#### DATA PROVIDED
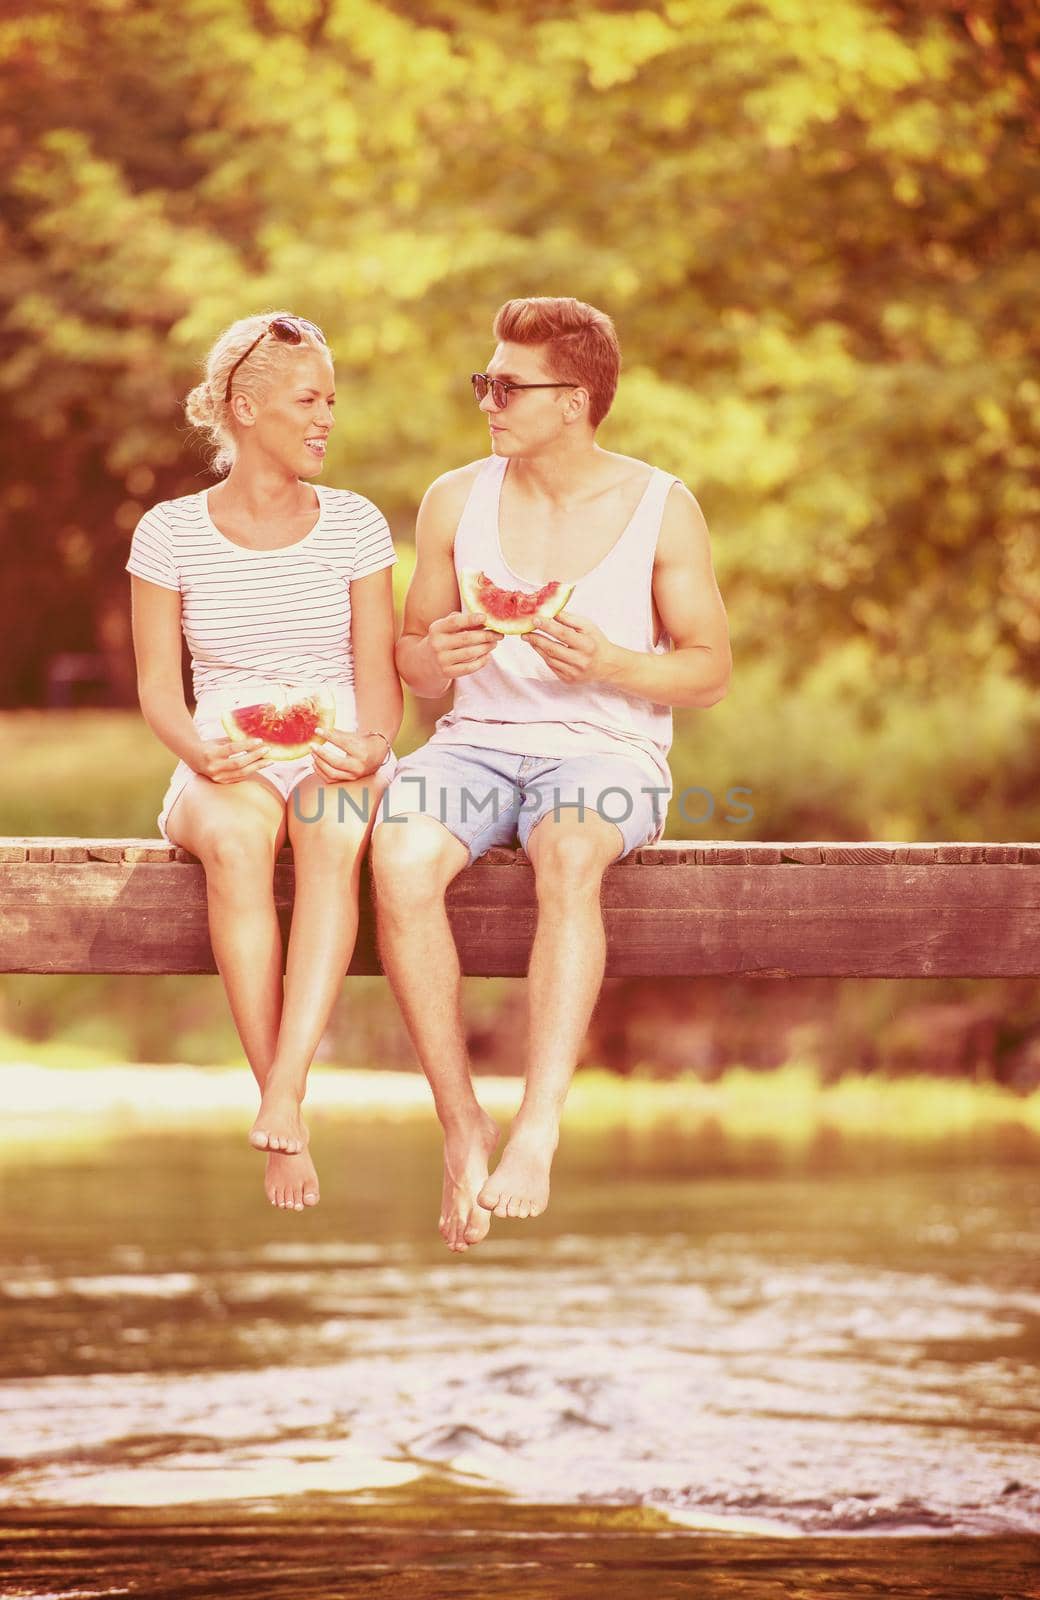 couple enjoying watermelon while sitting on the wooden bridge by dotshock
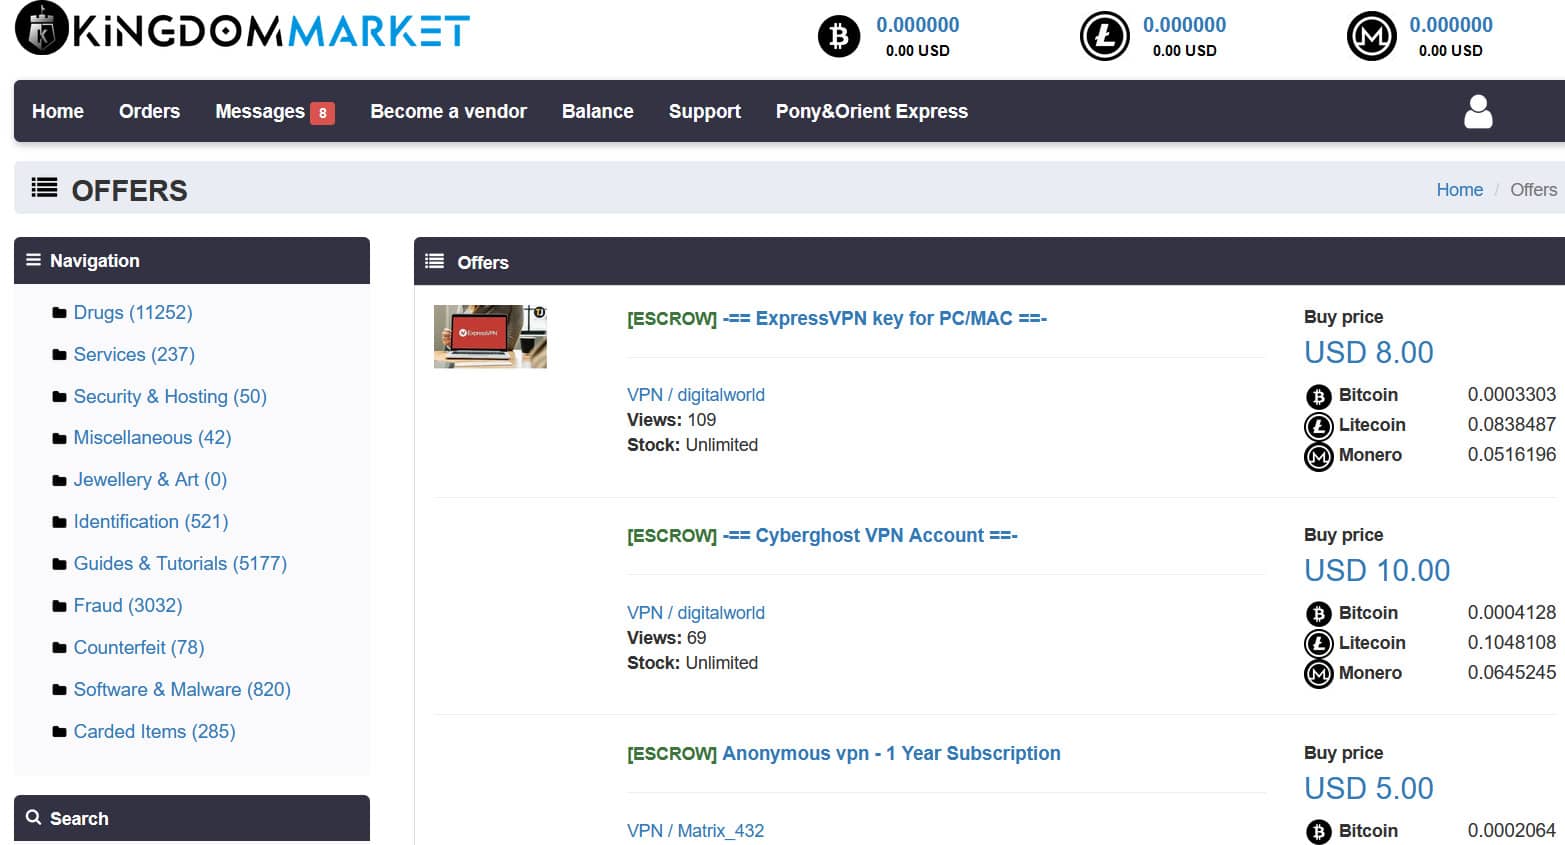 A screenshot of darknet market Kingdom showing fraud items for sale
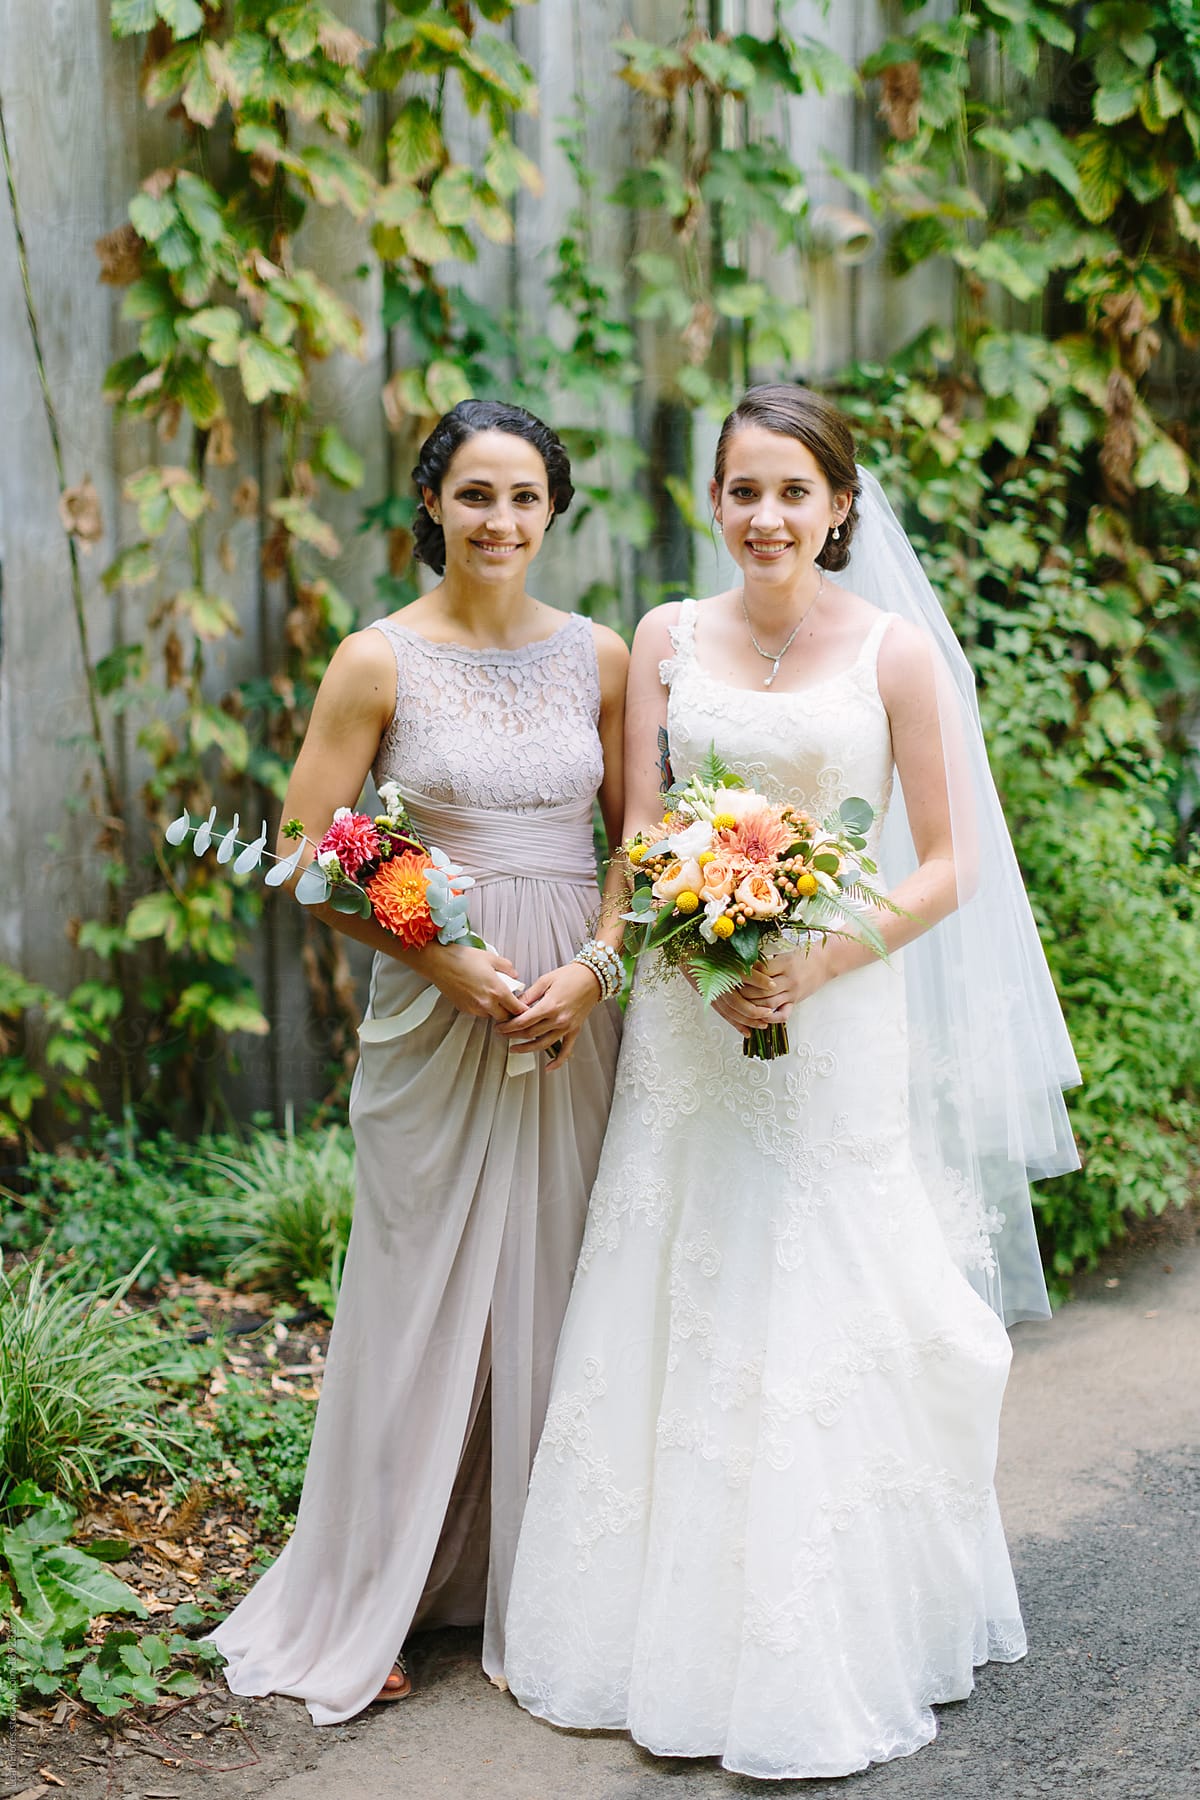 Bridesmaids Holding Bouquet Outdoors

#### YOUR ASSIGNMENT
Leaving aside every picture, transcribe exactly the lines that run from the one with "A screenshot of" to the close of the listing above.

#### RESPONSE
 A screenshot of darknet market Kingdom showing fraud items for sale
 Bridesmaids Holding Bouquet Outdoors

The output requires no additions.